WBLF
- Bellefonte, Pennsylvania; United States;
- Broadcast area: State College, Pennsylvania
- Frequency: 970 kHz
- Branding: 106.5 WBLF

Programming
- Format: Classic hits
- Affiliations: Fox News Radio

Ownership
- Owner: Jeffry and Mark Schlesinger; (Schlesinger Communications, Inc.);

History
- First air date: August 1, 1958
- Call sign meaning: Bellefonte or Betty Lou Finnegan

Technical information
- Licensing authority: FCC
- Facility ID: 17317
- Class: D (AM & FM)
- Power: 1,000 watts daytime; 61 watts nighttime;
- ERP: 250 watts (FM)
- Translator: 106.5 W293DX (Bellefonte)

Links
- Public license information: Public file; LMS;
- Webcast: Listen live
- Website: www.wblfradio.com

= WBLF =

Radio station in Bellefonte–State College, Pennsylvania

WBLF (970 AM) is a classic hits radio station licensed to Bellefonte, Pennsylvania serving State College, Pennsylvania. It is currently owned by Jeffry and Mark Schlesinger, through licensee Schlesinger Communications, Inc. WBLF was founded by Cary H. Simpson on August 1, 1958, and operates at the federally assigned frequency of 970 kilohertz with a maximum power output of 1,000 watts daytime, 61 watts at night.

==Early history==
WBLF was one of the original nine stations built by the Allegheny Mountain Network in Tyrone, Pennsylvania, with the construction permit first issued on May 28, 1958, for a daytime-only station.
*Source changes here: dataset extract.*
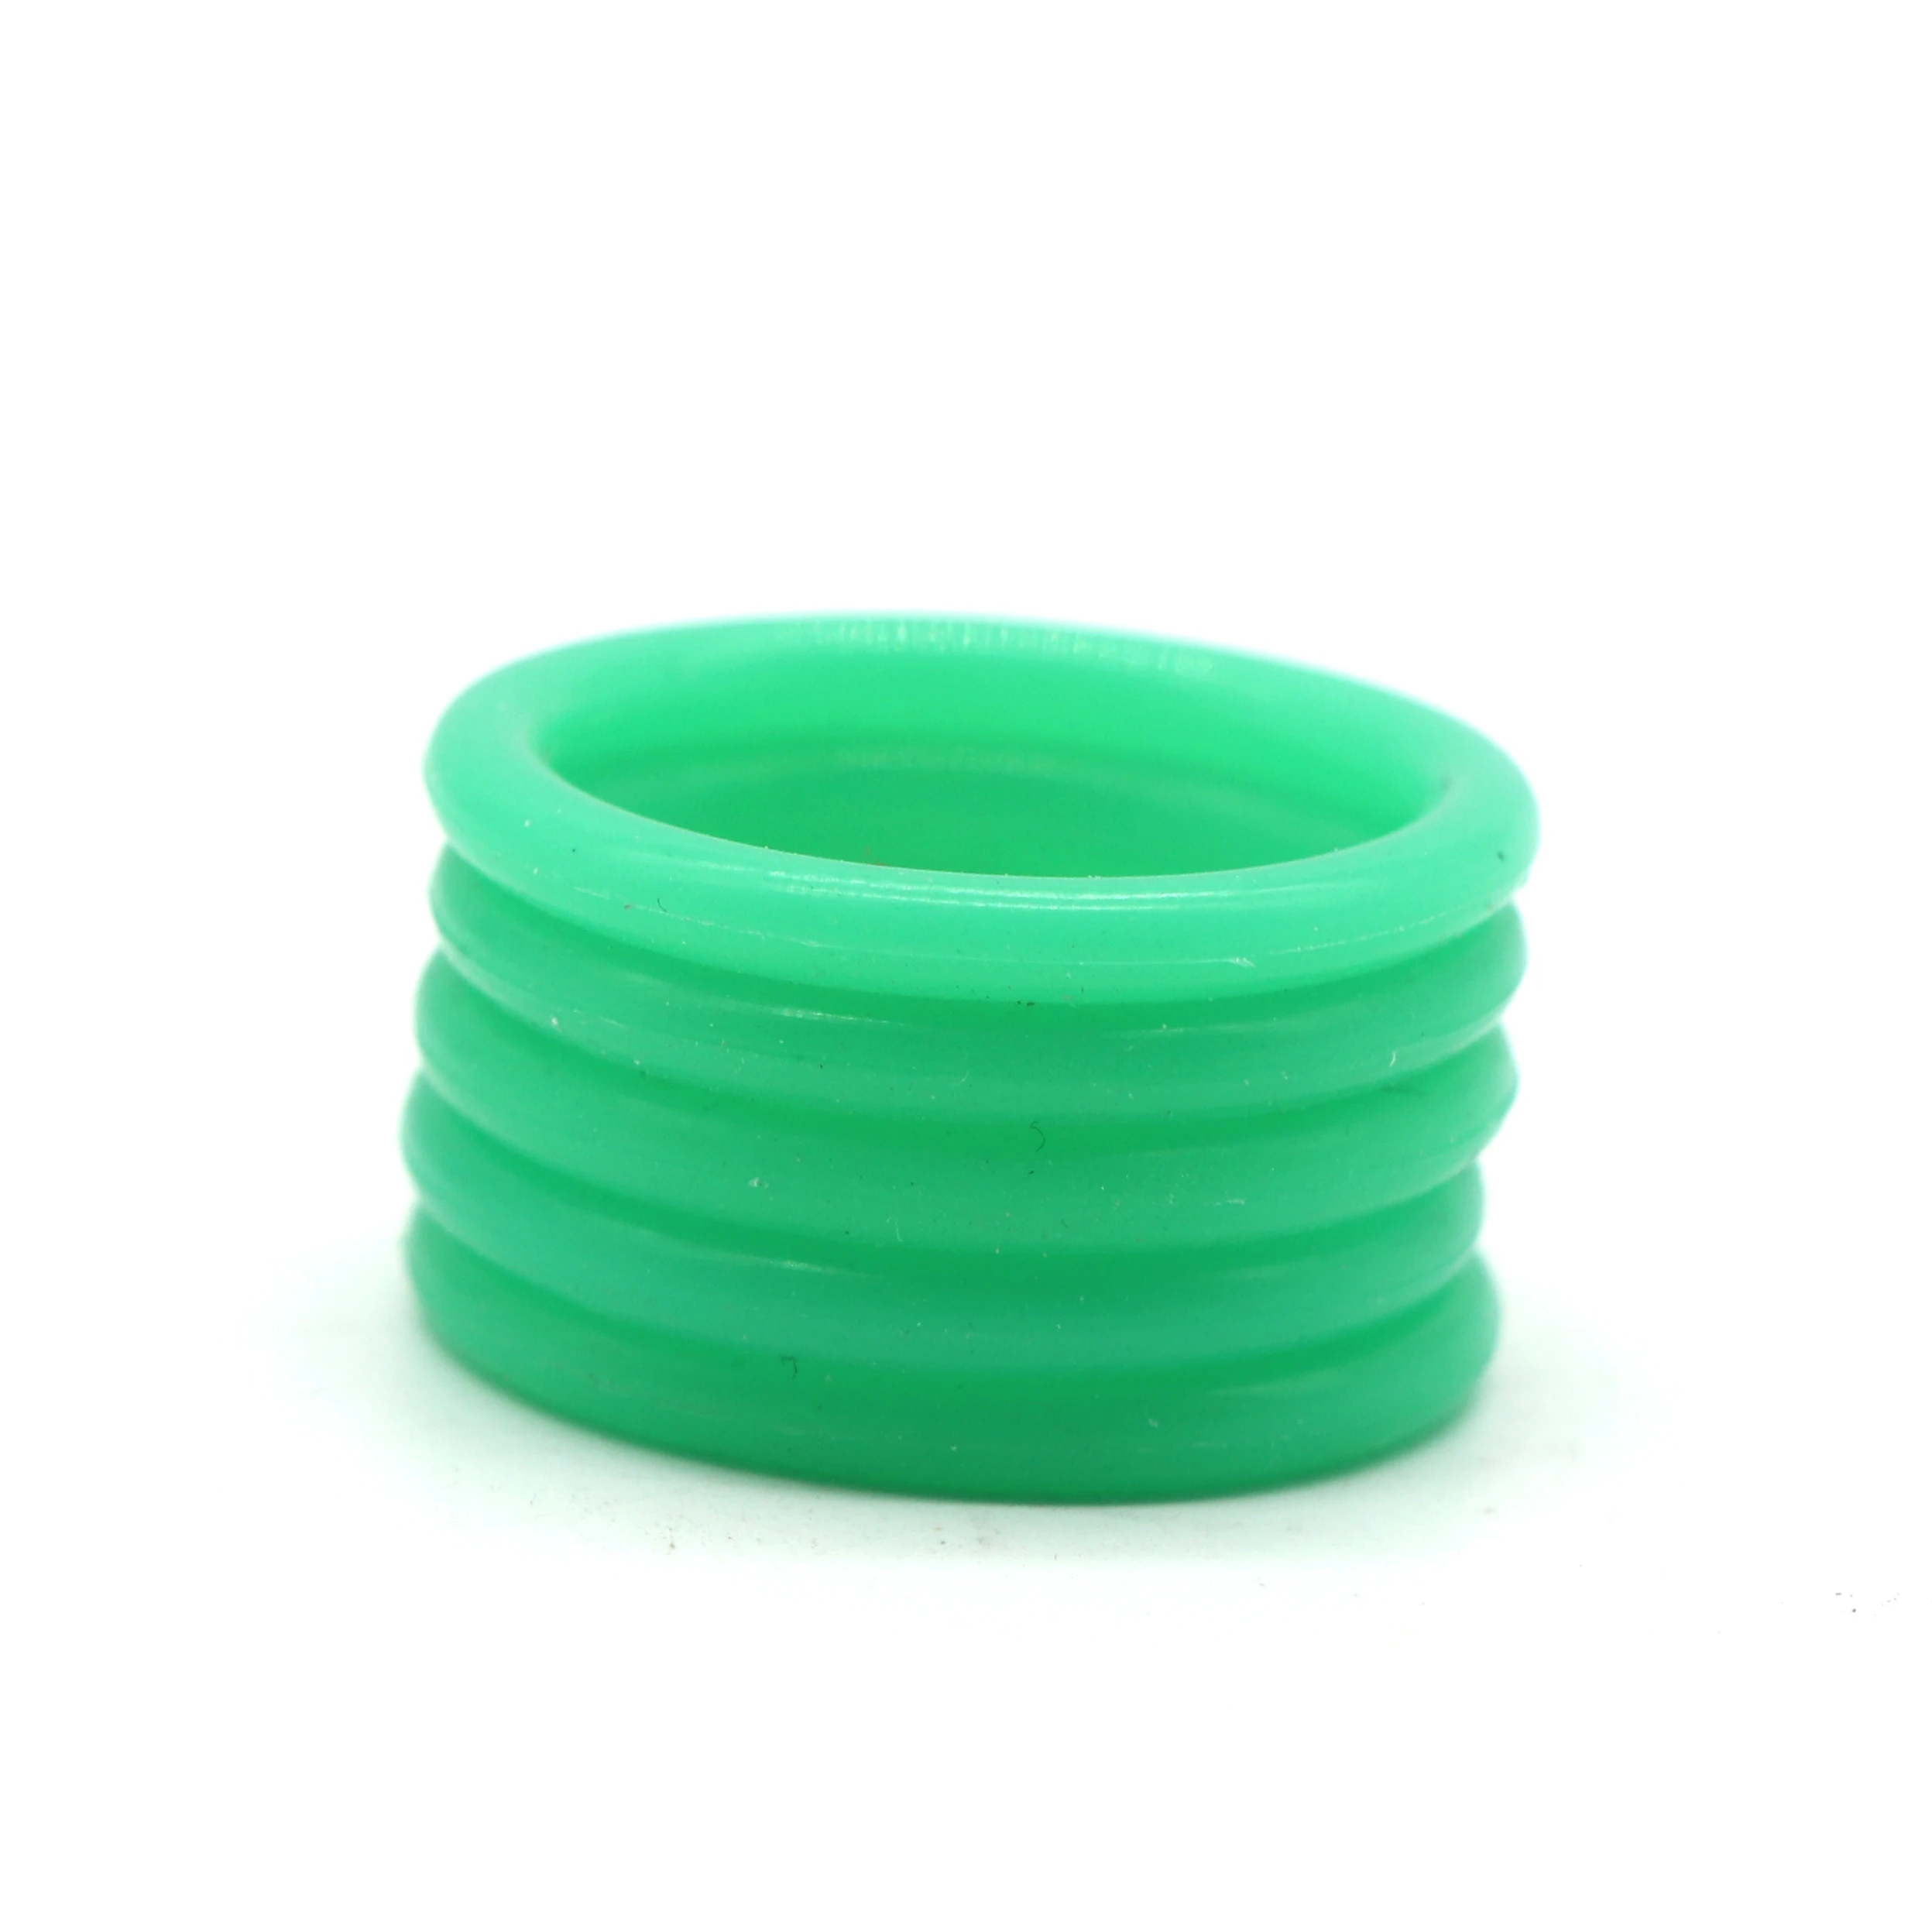 279Pcs Green O-Ring Assortment Kit Washer Gasket Sealing O Rings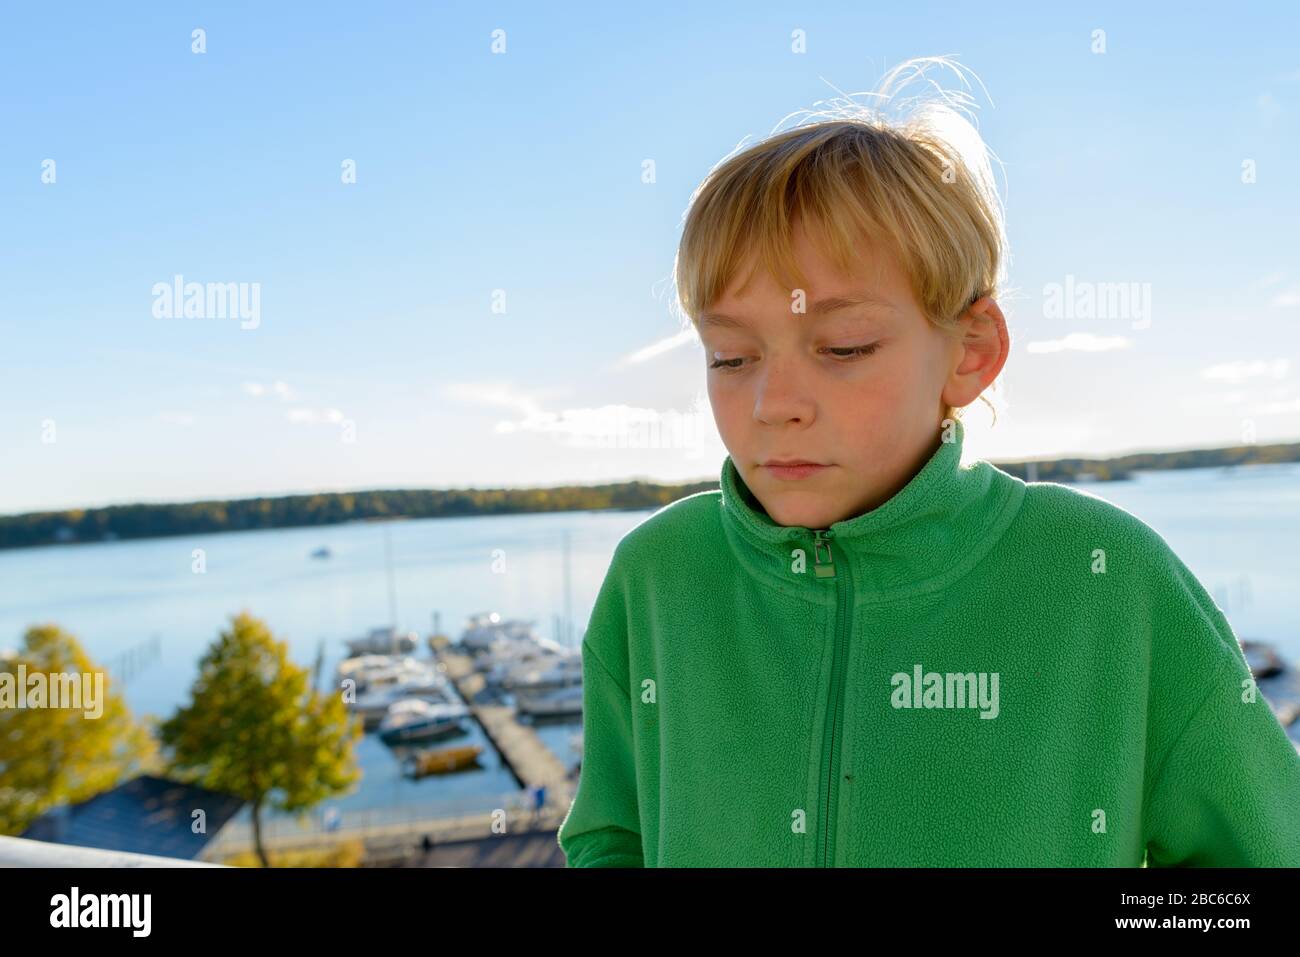 Jeune beau garçon pensant contre la vue de la jetée en bois près de la rivière Banque D'Images

Though many believe that the WBLF call letters stand for its city of license, it is speculated that Simpson named the station after his wife, the former Betty Lou Finnegan, who was part owner of the AMN until her death in 2000. WBLF originally operated at the frequency of 1330 kHz and at a power of 500 watts. Studios were first planned to be located at the corner of Spring and High Streets in Bellefonte, but that was changed to 107 North Allegheny Street. Transmitter facilities were located along Blanchard Street Extension in Spring Township, just outside the Bellefonte Borough limits.

In October 1967, the station was granted pre-sunrise authorization to operate at 500 watts no more than two hours before local sunrise, enabling the station to sign on the air at 6am on a consistent basis. In December 1969, WBLF applied for a frequency change from 1330 to the much stronger channel of 970 kHz, but with the same daytime and pre-sunrise power output.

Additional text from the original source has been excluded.